The hyperparameter design for mixture scheduling (\(p_u\), \(\gamma\), \(B\)) remains somewhat heuristic, and the search space is not fully explored.
Validation is limited to language modeling; its applicability to other discrete data domains such as code generation and protein sequences remains to be explored.

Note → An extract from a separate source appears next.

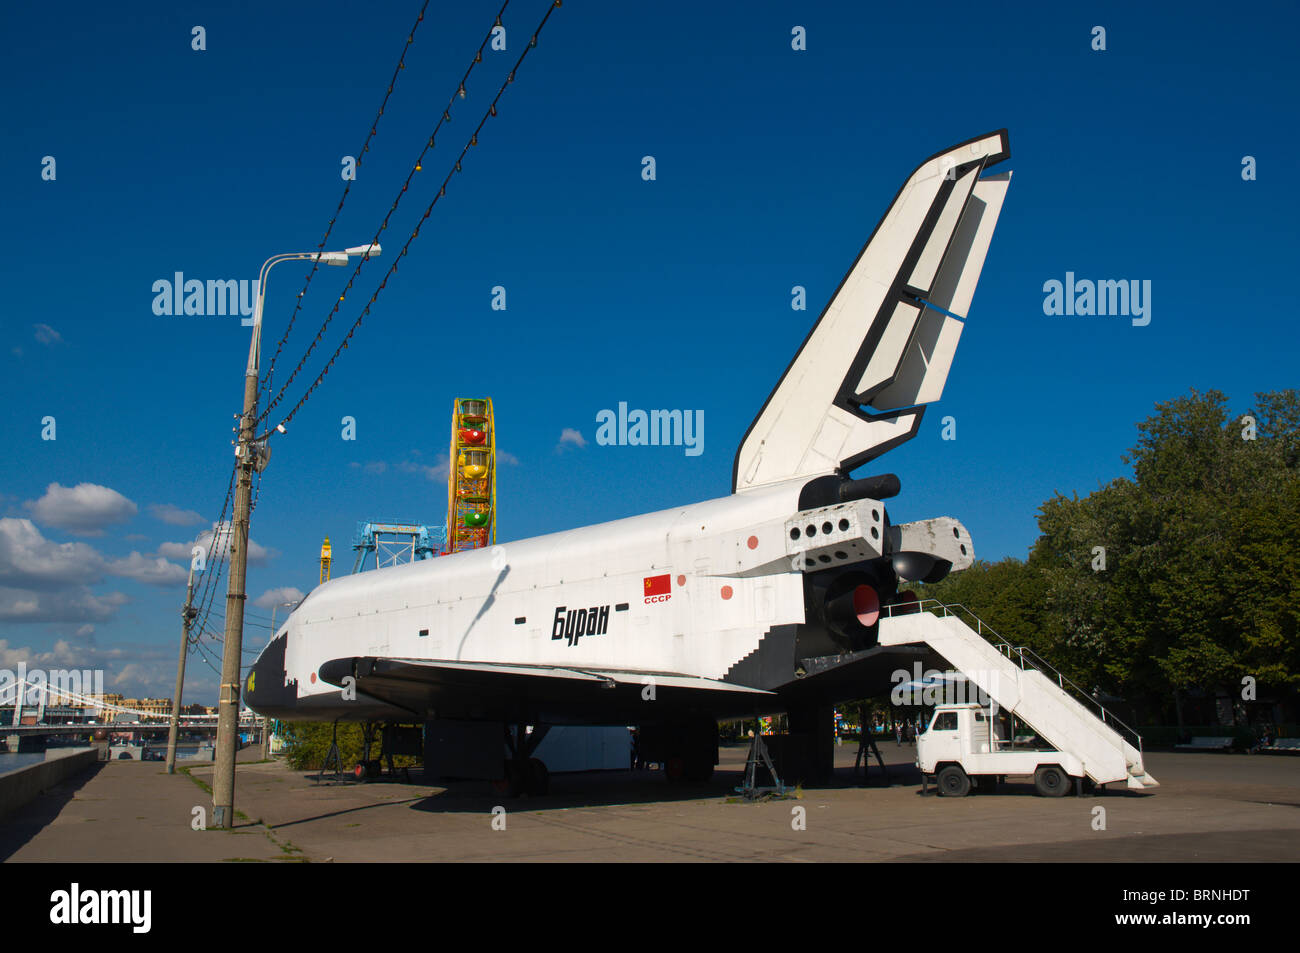 Buran spacecraft program test shuttle (now removed) at Gorky Park central Moscow Russia Europe Stock Photo

Austin et al. (2023): First to introduce the diffusion ELBO to discrete Markov chains.
MDLM / MD4 (Sahoo et al., 2024; Shi et al., 2024): Simplifying the objective of masked diffusion.
BERT (Devlin et al., 2019): Pre-training via masking + random replacement inspired the mixture noise design in GIDD.
Discrete Flow Matching (Gat et al., 2024): Adapting the flow matching paradigm to discrete data.

Rating¶

Novelty: ⭐⭐⭐⭐ — Generalizing masked diffusion into a unified framework and introducing controllable uniform noise is a highly novel direction.
Experimental Thoroughness: ⭐⭐⭐⭐ — While scaling limitations exist, the ablation studies are comprehensive, presenting evaluations of both likelihood and generation quality.
Writing Quality: ⭐⭐⭐⭐⭐ — The theoretical derivations are clear and rigorous, with intuitive diagrams.
Value: ⭐⭐⭐⭐ — Self-correction is an important breakthrough in discrete diffusion, and the framework offers substantial flexibility.